Unfortunately for some shareholders, the Bowl America (NYSEMKT:BWL.A) share price has dived in the last thirty days. Even longer term holders have taken a real hit with the stock declining 3.7% in the last year.
All else being equal, a sharp share price increase should make a stock less attractive to potential investors. While the market sentiment towards a stock is very changeable, in the long run, the share price will tend to move in the same direction as earnings per share. So some would prefer to hold off buying when there is a lot of optimism towards a stock. Perhaps the simplest way to get a read on investors' expectations of a business is to look at its Price to Earnings Ratio (PE Ratio). A high P/E ratio means that investors have a high expectation about future growth, while a low P/E ratio means they have low expectations about future growth.
Does Bowl America Have A Relatively High Or Low P/E For Its Industry?
Bowl America's P/E is 26.63. You can see in the image below that the average P/E (25.4) for companies in the hospitality industry is roughly the same as Bowl America's P/E.

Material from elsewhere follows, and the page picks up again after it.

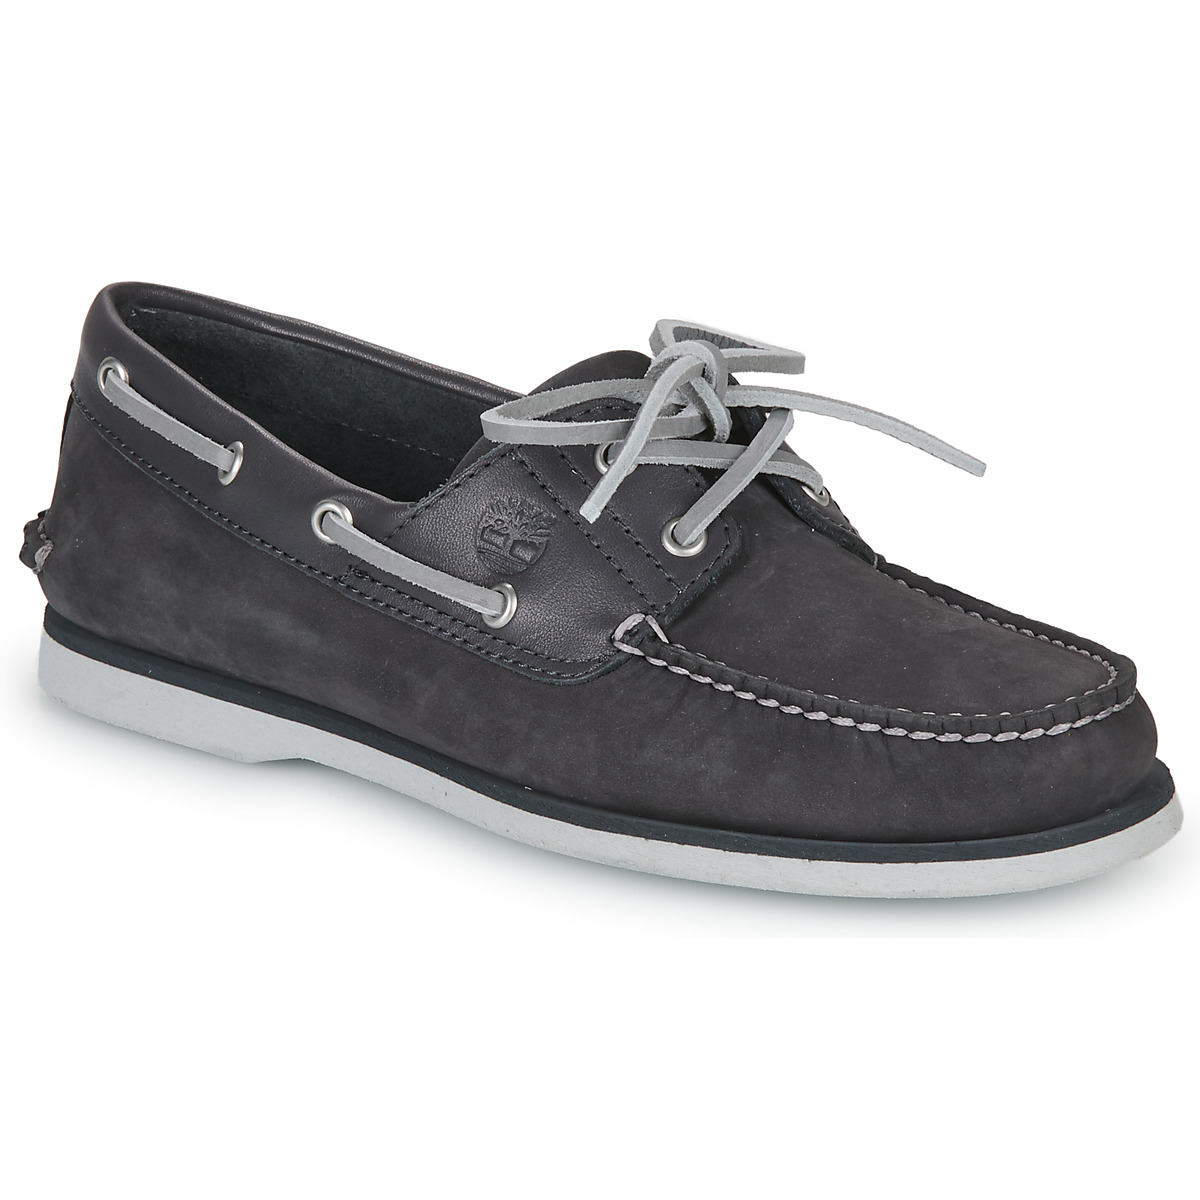 Παπούτσια Άνδρας Boat shoes Timberland CLASSIC BOAT 2 EYE Grey / Άσπρο
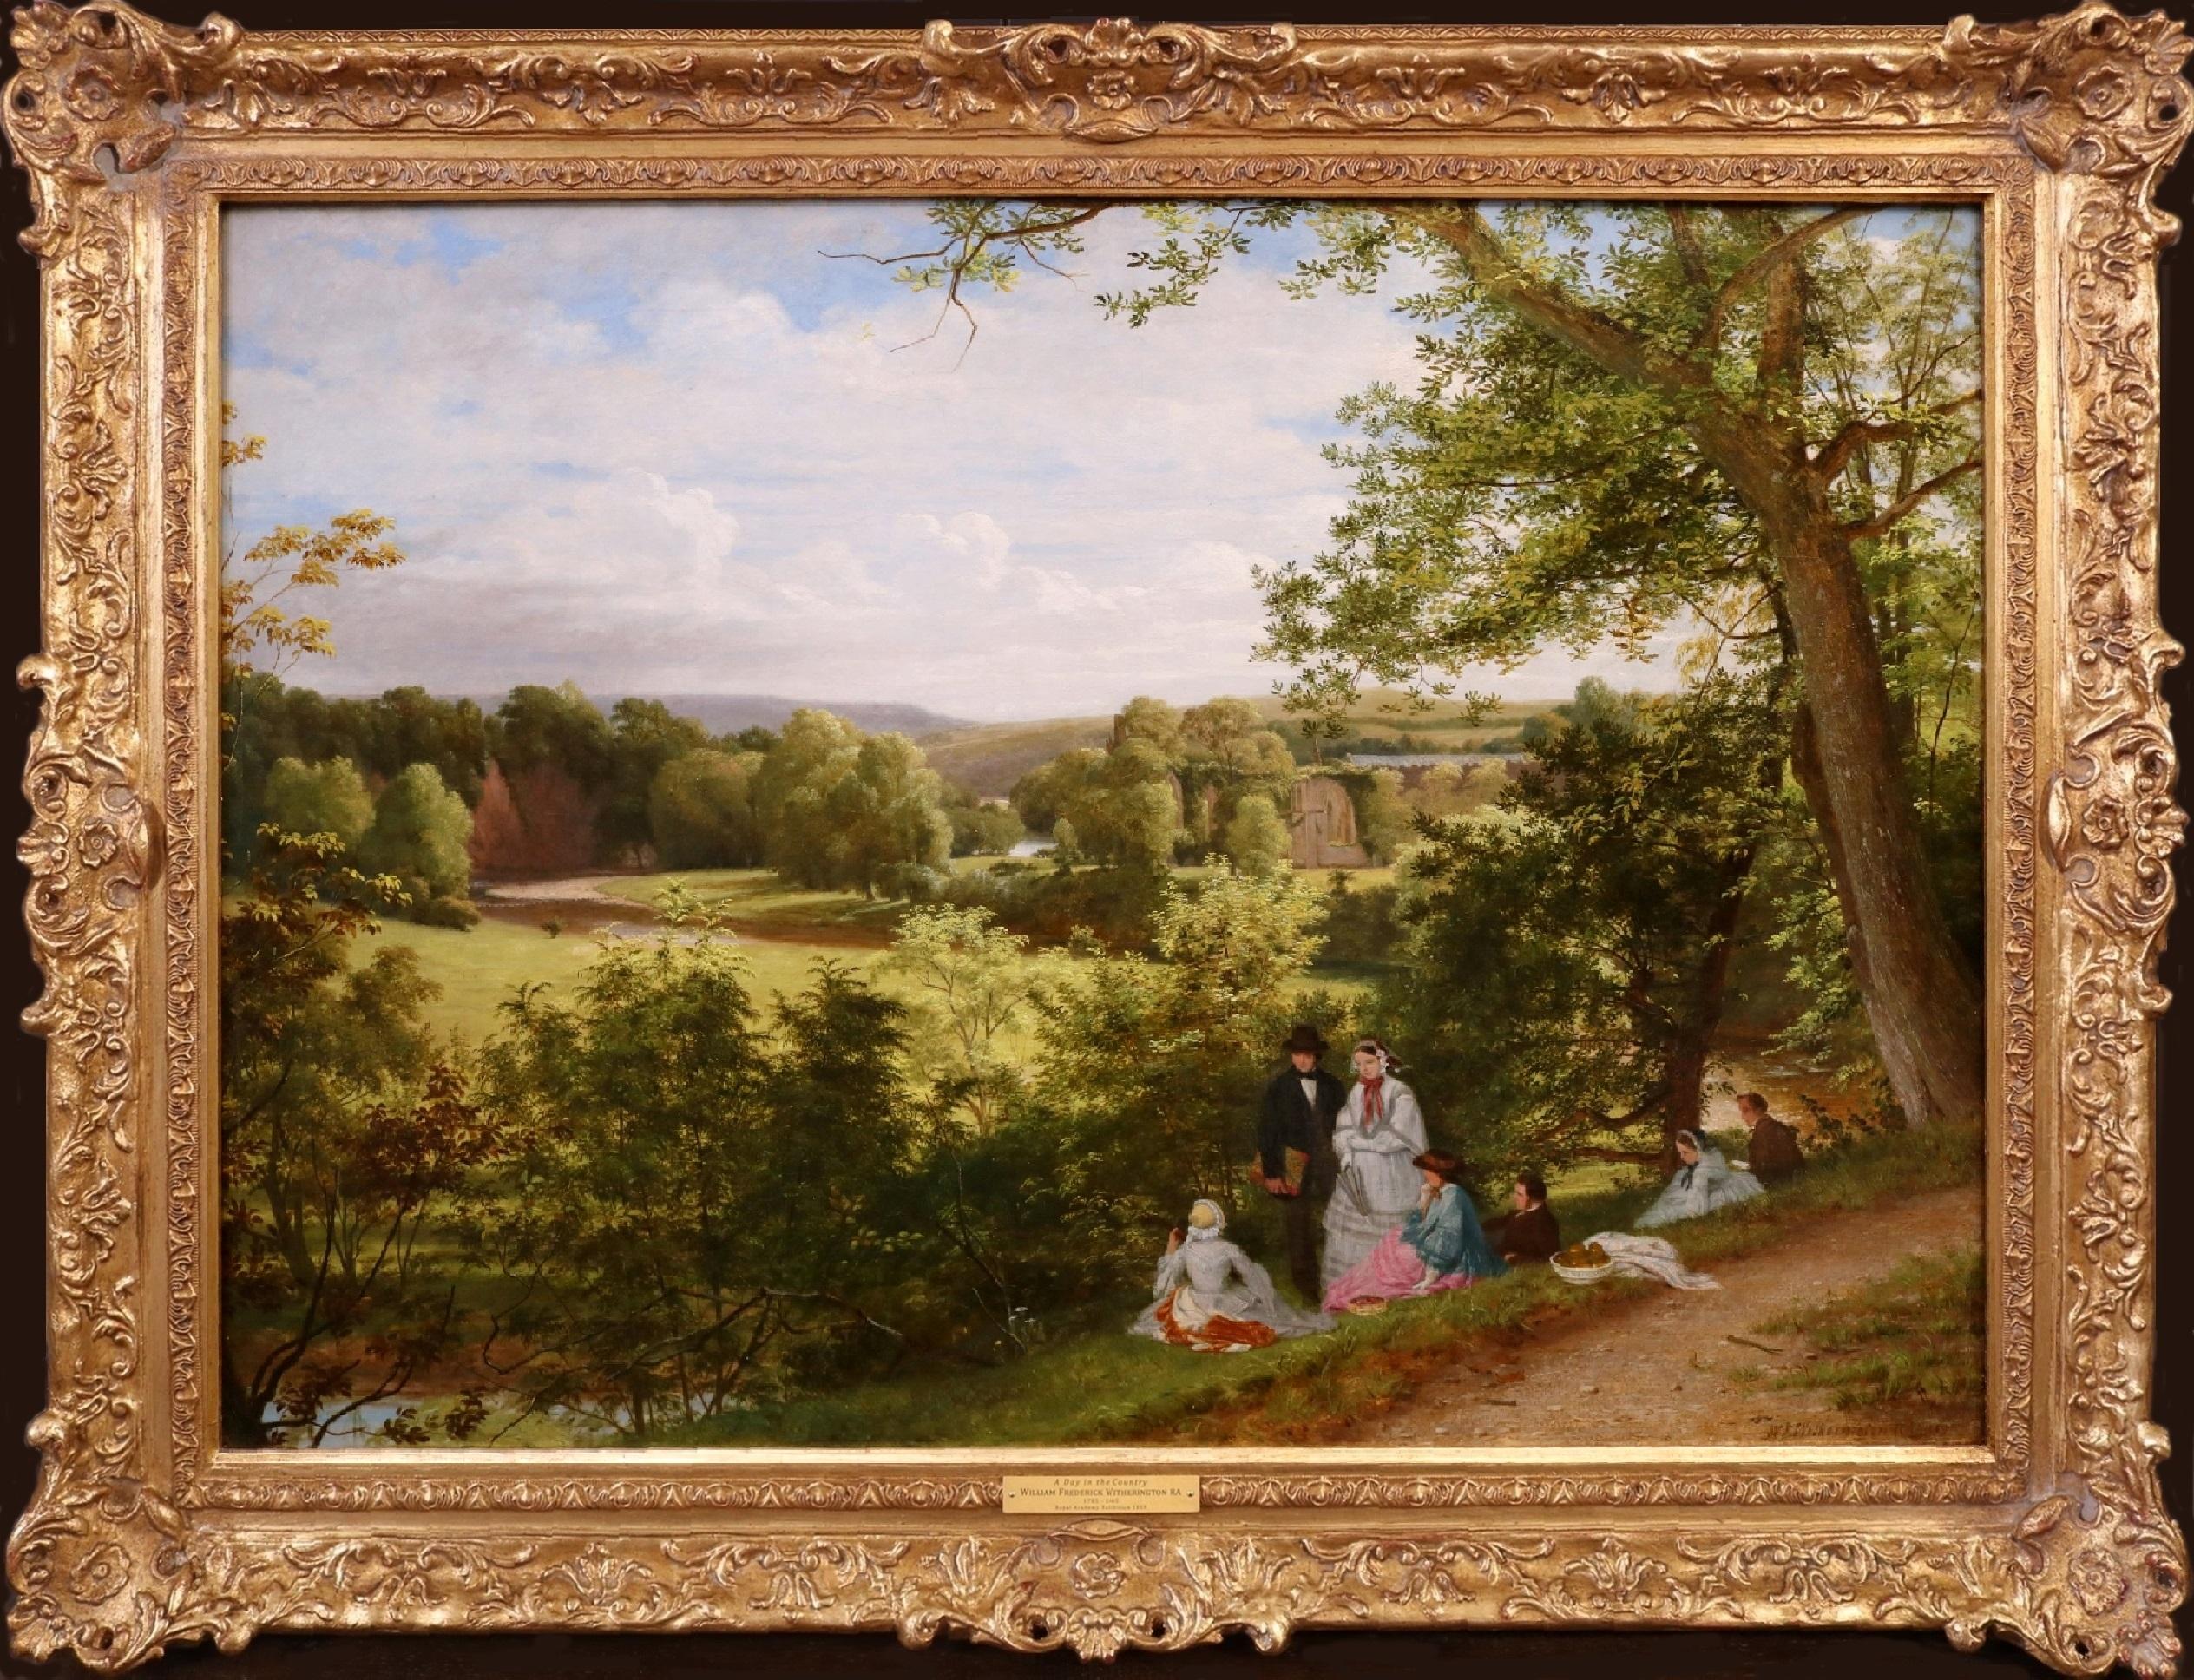 A Day in the County – Großes Ölgemälde-Landschaftsbild der Royal Academy, 19. Jahrhundert – Painting von William Frederick Witherington

Bowl America's P/E tells us that market participants think its prospects are roughly in line with its industry. So if Bowl America actually outperforms its peers going forward, that should be a positive for the share price. I would further inform my view by checking insider buying and selling., among other things.
How Growth Rates Impact P/E Ratios
P/E ratios primarily reflect market expectations around earnings growth rates. Earnings growth means that in the future the 'E' will be higher. That means even if the current P/E is high, it will reduce over time if the share price stays flat. Then, a lower P/E should attract more buyers, pushing the share price up.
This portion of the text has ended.